Remarkably, the DMS rapidly disordered and cytoplasmic territories were lost within 2 hours when megakaryocytes were removed from MC hydrogels and resuspended in liquid culture. Two interesting hypotheses are raised by these observations. Firstly, differences in the mechanical stiffness between regions of bone marrow (eg, perivascular vs endosteal niches) may create areas that are more or less conducive to platelet production in vivo. Secondly, the rapid changes observed when megakaryocytes were switched from liquid culture to 2% MC hydrogels may occur physiologically, with dynamic remodelling of the DMS occurring as megakaryocytes experience fluctuations in extracellular tension and mechanical forces.

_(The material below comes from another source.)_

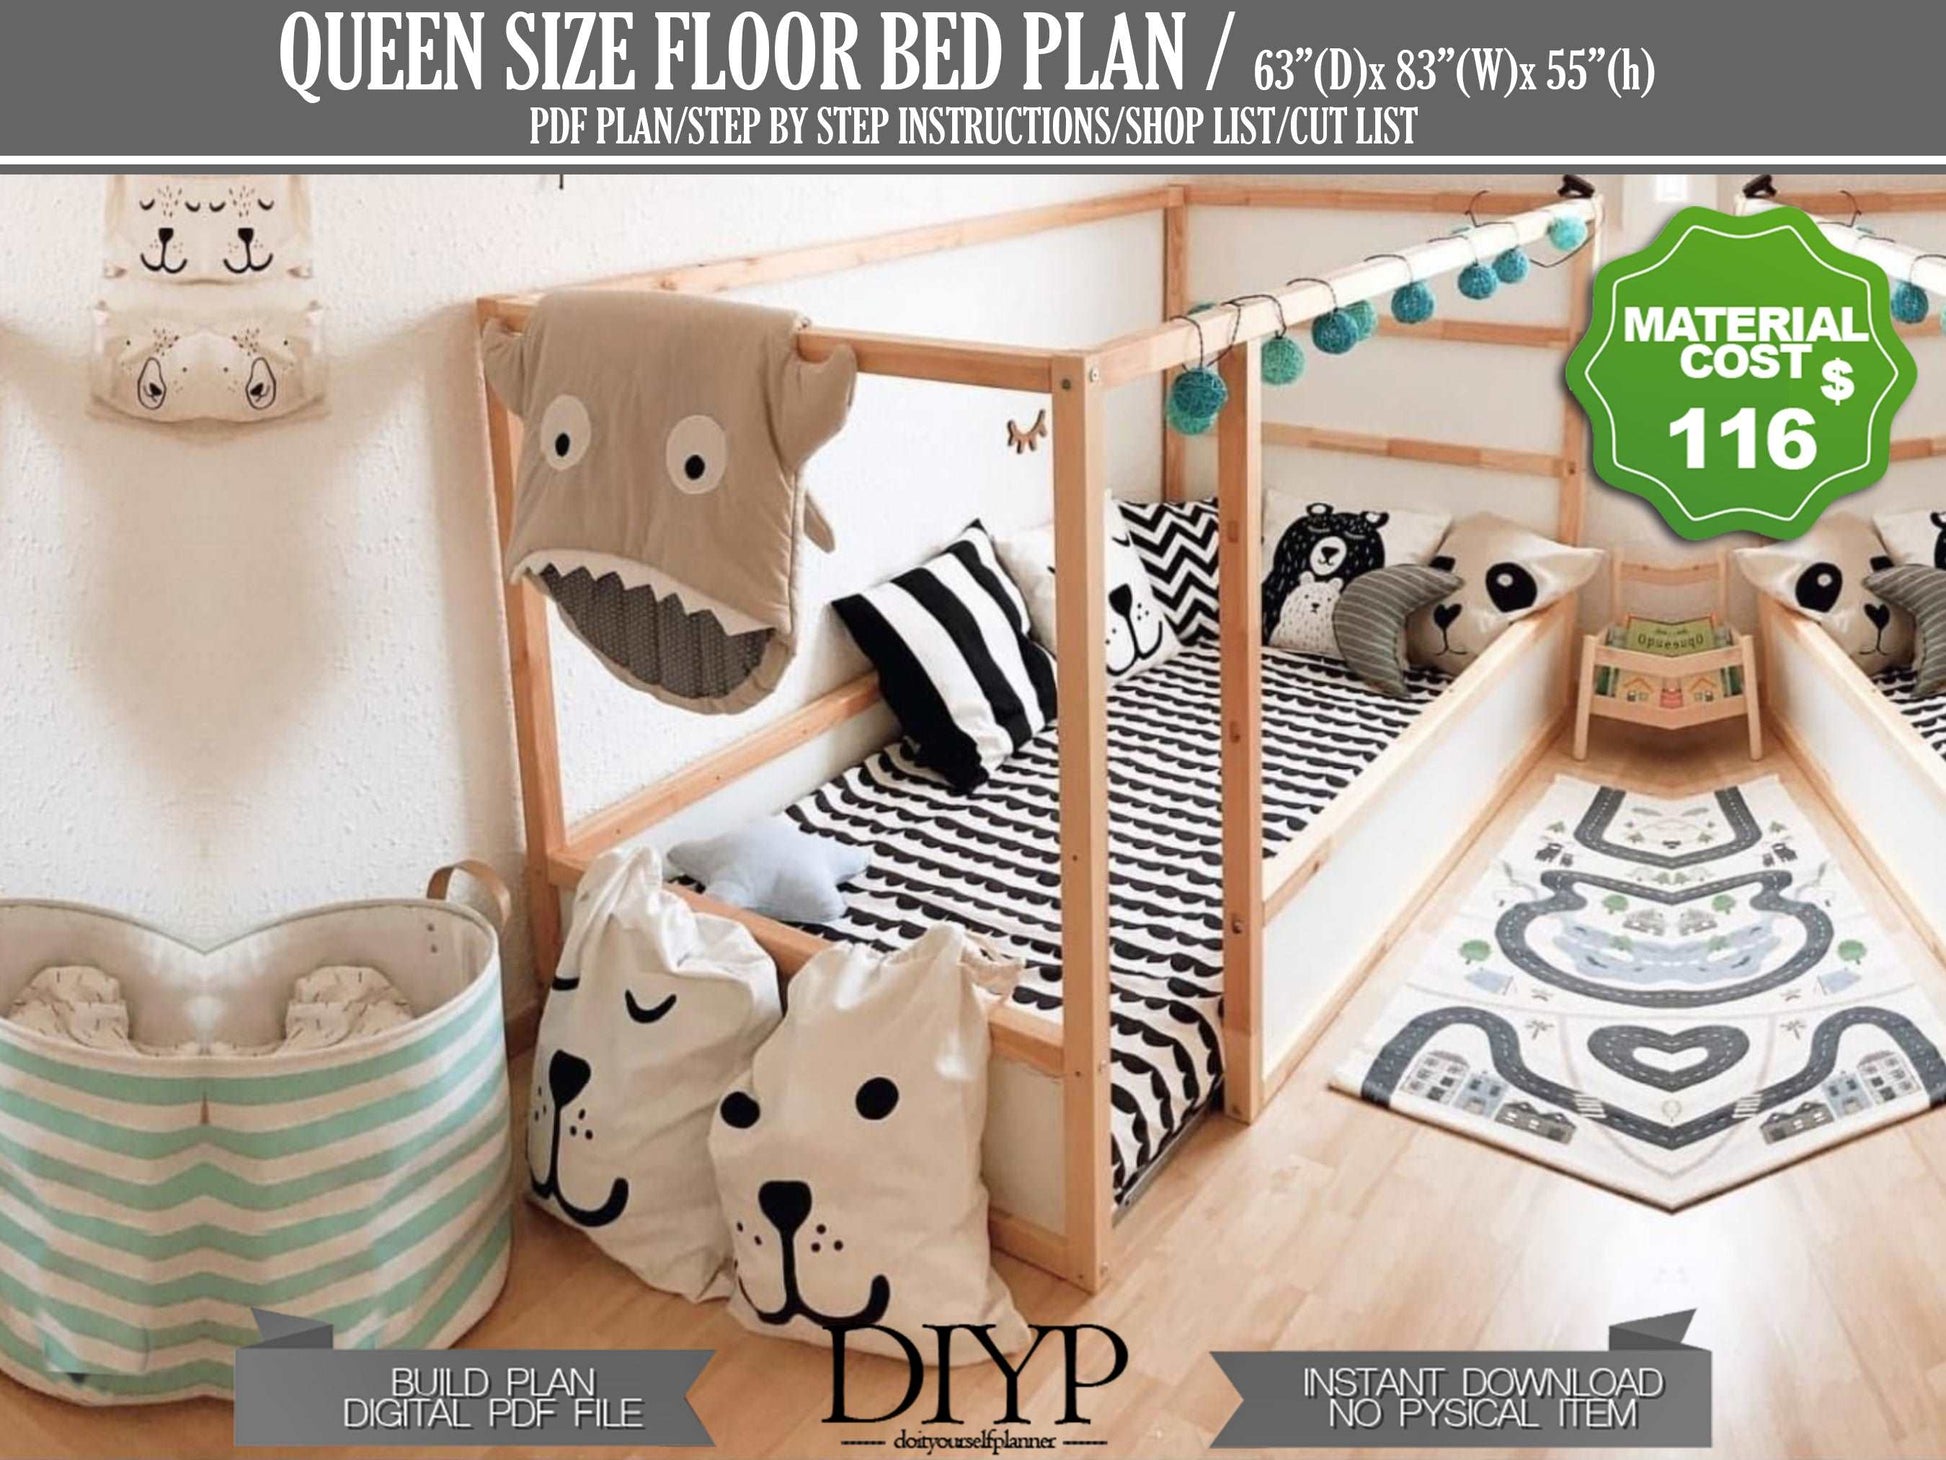 Create Your Dream Queen Size Floor Bed with Our Comprehensive DIY Frame Plan | Step-by-Step Build Animation Included!
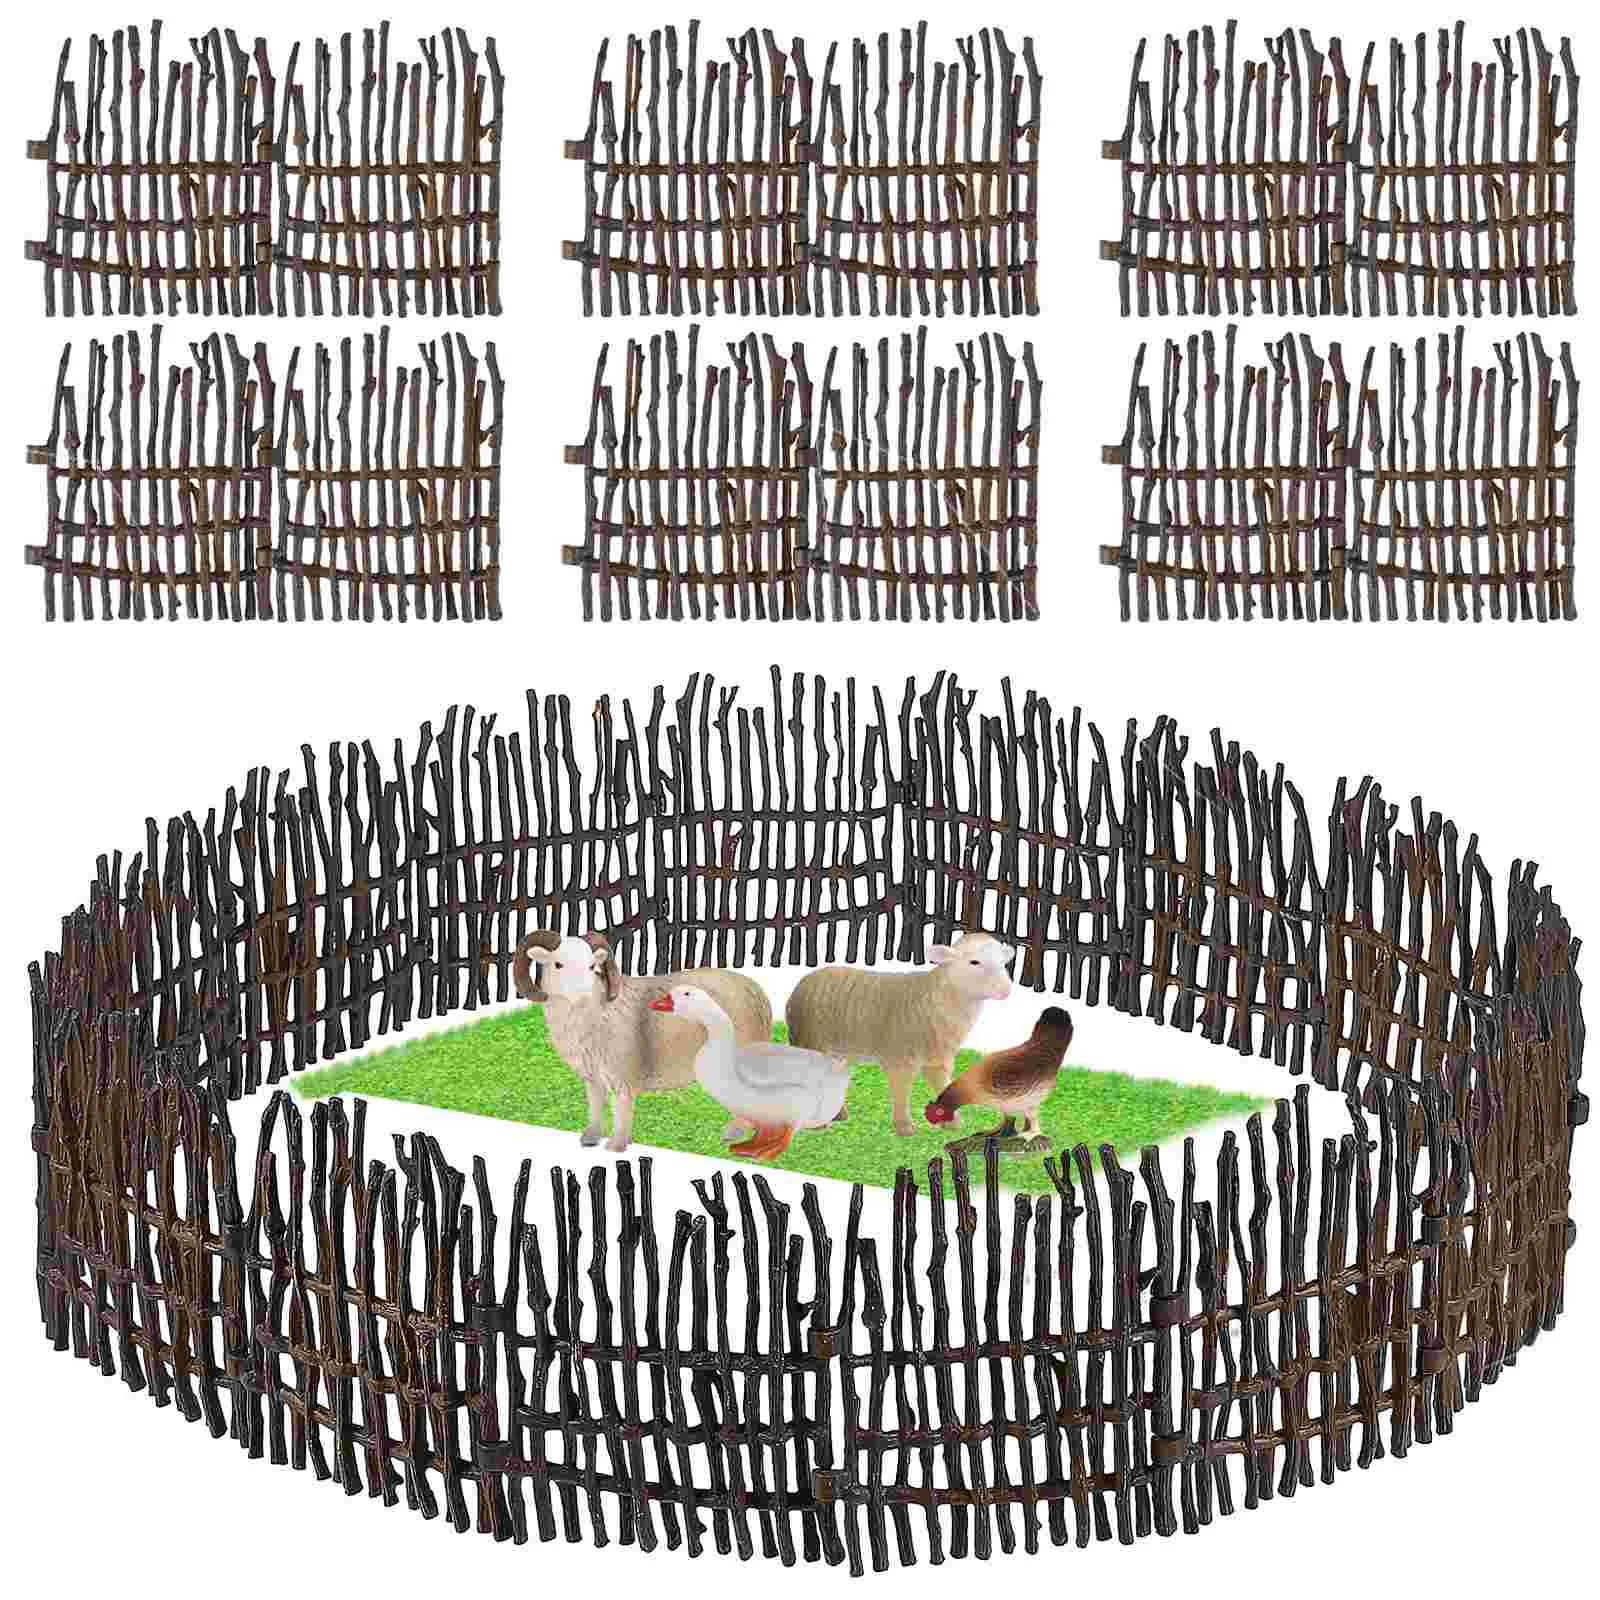 Fence Farm Corral Toys Horse Toy Barn Fencing Fences Accessories Paddock Garden Model Realistic Stable Playset Mini Tiny Ranch

What is the relevance of these findings for patients with platelet disorders? A group of inherited thrombocytopenias are caused by mutations in the gene encoding myosin heavy chain 9 (MYH9), a cytoskeletal contractile protein, leading to defects in platelet production as well as characteristic inclusion bodies in leukocytes and renal and hearing abnormalities. Paradoxically, while Myh9^−/− megakaryocytes show impaired proplatelet formation within bone marrow, in vitro cultured MYH9-deficient megakaryocytes show an increased capacity for proplatelet formation,¹⁰  suggesting that the defect caused by myosin deficiency is masked by in vitro liquid culture conditions. Aguilar et al found that myosin expression was absent from the cytoplasm in liquid-cultured megakaryocytes, and Myh9^−/− murine megakaryocytes did not increase proplatelet formation in response to 2% MC gels as did wild-type megakaryocytes,¹  indicating that myosin is required for megakaryocytes to adapt to the stiffness of their microenvironment. Further, nuclear accumulation of the transcription factor MKL1 occurred in response to culture in 2% MC, and treatment with an MKL1 inhibitor completely eliminated the increased proplatelet formation observed in the MC gels,¹  suggesting a role for the MKL1 pathway.

Bone marrow is a unique and dynamic mechanical environment: a viscous organ confined by solid bone. Mechanical forces exerted on differentiating hematopoietic cells are likely to be dynamic, changing in response to blood flow rates and volume and therefore factors such as physical activity and temperature (see figure). This study emphasizes the importance of considering the viscoelastic properties of any in vitro culture system. This may be especially relevant for the study of megakaryocyte and platelet disorders due to abnormal cytoskeletal proteins. Further, it highlights interesting questions regarding how physiological fluctuations, as well as pathologies such as myelofibrosis, alter physical forces within bone marrow and thereby may influence hematopoiesis.